For Cutadapt to work with multiple cores, it requires Python 3 as well as parallel gzip (pigz) installed on the system. The version of Python used is detected from the shebang line of the Cutadapt executable (either 'cutadapt', or a specified path). If Python 2 is detected, --cores is set to 1 and multi-core processing will be disabled. If pigz cannot be detected on your system, Trim Galore reverts to using gzip compression. Please note however, that gzip compression will slow down multi-core processes so much that it is hardly worthwhile, please see: here for more info).

Actual core usage: It should be mentioned that the actual number of cores used is a little convoluted. Assuming that Python 3 is used and pigz is installed, --cores 2 would use:

  • 2 cores to read the input (probably not at a high usage though)
  • 2 cores to write to the output (at moderately high usage)
  • 2 cores for Cutadapt itself
  • 2 additional cores for Cutadapt (not sure what they are used for)
  • 1 core for Trim Galore itself

So this can be up to 9 cores, even though most of them won't be used at 100% for most of the time. Paired-end processing uses twice as many cores for the validation (= writing out) step as Trim Galore reads and writes from and to two files at the same time, respectively.

--cores 4 would then be: 4 (read) + 4 (write) + 4 (Cutadapt) + 2 (extra Cutadapt) + 1 (Trim Galore) = ~15 cores in total.

From the graph above it seems that --cores 4 could be a sweet spot, anything above appear to have diminishing returns.

28-06-18: Version 0.5.0

  • Adapters can now be specified as single bases with a multiplier in squiggly brackets, e.g. -a "A{10}" to trim poly-A tails

  • Added option --hardtrim5 INT to enable hard-clipping from the 5' end. This option processes one or more files (plain FastQ or gzip compressed files) and produce hard-trimmed FastQ files ending in .{INT}bp.fq(.gz).

  • Added option --clock to trim reads in a specific way that is currently used for the Mouse Epigenetic Clock (see here: Multi-tissue DNA methylation age predictor in mouse, Stubbs et al., Genome Biology, 2017 18:68). Following the trimming, Trim Galore exits.

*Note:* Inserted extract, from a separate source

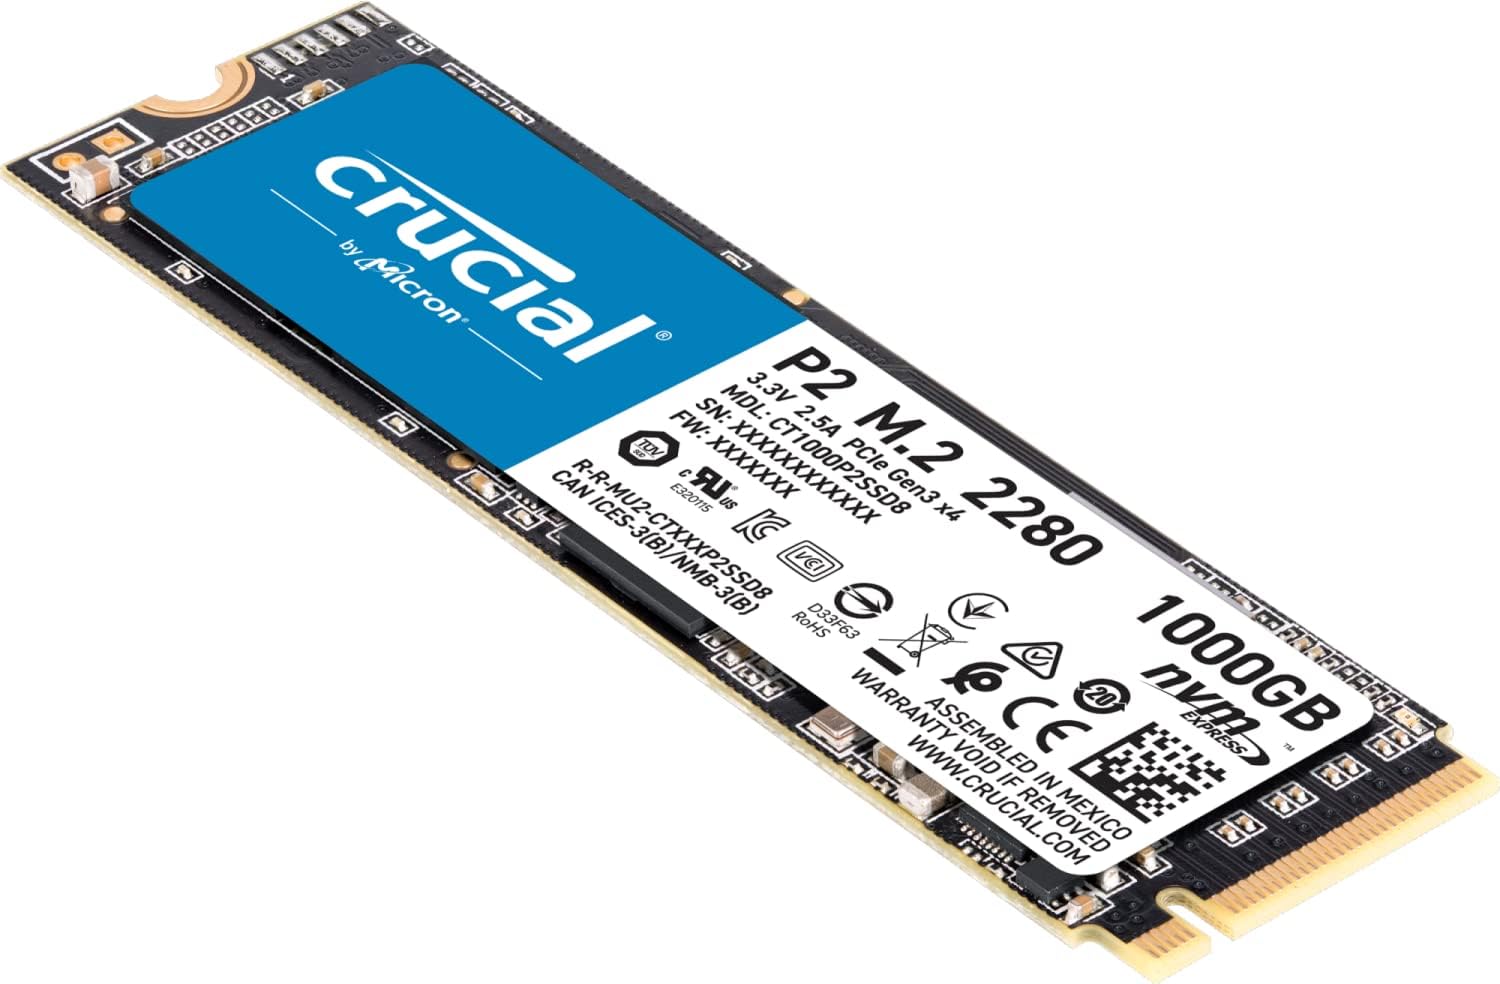 CT1000P2SSD8 - Crucial P2 SSD in sleek black color, 1TB capacity for ample storage 6221243292050

In it's current implementation, the dual-UMI RRBS reads come in the following format:

Read 1  5' UUUUUUUU CAGTA FFFFFFFFFFFFFFFFFFFFFFFFFFFFFFFFFFFF TACTG UUUUUUUU 3'
Read 2  3' UUUUUUUU GTCAT FFFFFFFFFFFFFFFFFFFFFFFFFFFFFFFFFFFF ATGAC UUUUUUUU 5'

Where UUUUUUUU is a random 8-mer unique molecular identifier (UMI), CAGTA is a constant region, and FFFFFFF... is the actual RRBS-Fragment to be sequenced. The UMIs for Read 1 (R1) and Read 2 (R2), as well as the fixed sequences (F1 or F2), are written into the read ID and removed from the actual sequence. Here is an example:

R1: @HWI-D00436:407:CCAETANXX:1:1101:4105:1905 1:N:0: CGATGTTT
    ATCTAGTTCAGTACGGTGTTTTCGAATTAGAAAAATATGTATAGAGGAAATAGATATAAAGGCGTATTCGTTATTG
R2: @HWI-D00436:407:CCAETANXX:1:1101:4105:1905 3:N:0: CGATGTTT
    CAATTTTGCAGTACAAAAATAATACCTCCTCTATTTATCCAAAATCACAAAAAACCACCCACTTAACTTTCCCTAA

R1: @HWI-D00436:407:CCAETANXX:1:1101:4105:1905 1:N:0: CGATGTTT:R1:ATCTAGTT:R2:CAATTTTG:F1:CAGT:F2:CAGT
                 CGGTGTTTTCGAATTAGAAAAATATGTATAGAGGAAATAGATATAAAGGCGTATTCGTTATTG
R2: @HWI-D00436:407:CCAETANXX:1:1101:4105:1905 3:N:0: CGATGTTT:R1:ATCTAGTT:R2:CAATTTTG:F1:CAGT:F2:CAGT
                 CAAAAATAATACCTCCTCTATTTATCCAAAATCACAAAAAACCACCCACTTAACTTTCCCTAA

Following clock trimming, the resulting files (.clock_UMI.R1.fq(.gz) and .clock_UMI.R2.fq(.gz)) should be adapter- and quality trimmed with Trim Galore as usual. In addition, reads need to be trimmed by 15bp from their 3' end to get rid of potential UMI and fixed sequences. The command is:

trim_galore --paired --three_prime_clip_R1 15 --three_prime_clip_R2 15 *.clock_UMI.R1.fq.gz *.clock_UMI.R2.fq.gz

Following this, reads should be aligned with Bismark and deduplicated with UmiBam in --dual_index mode (see here: https://github.com/FelixKrueger/Umi-Grinder). UmiBam recognises the UMIs within this pattern: R1:(ATCTAGTT):R2:(CAATTTTG): as (UMI R1=ATCTAGTT) and (UMI R2=CAATTTTG).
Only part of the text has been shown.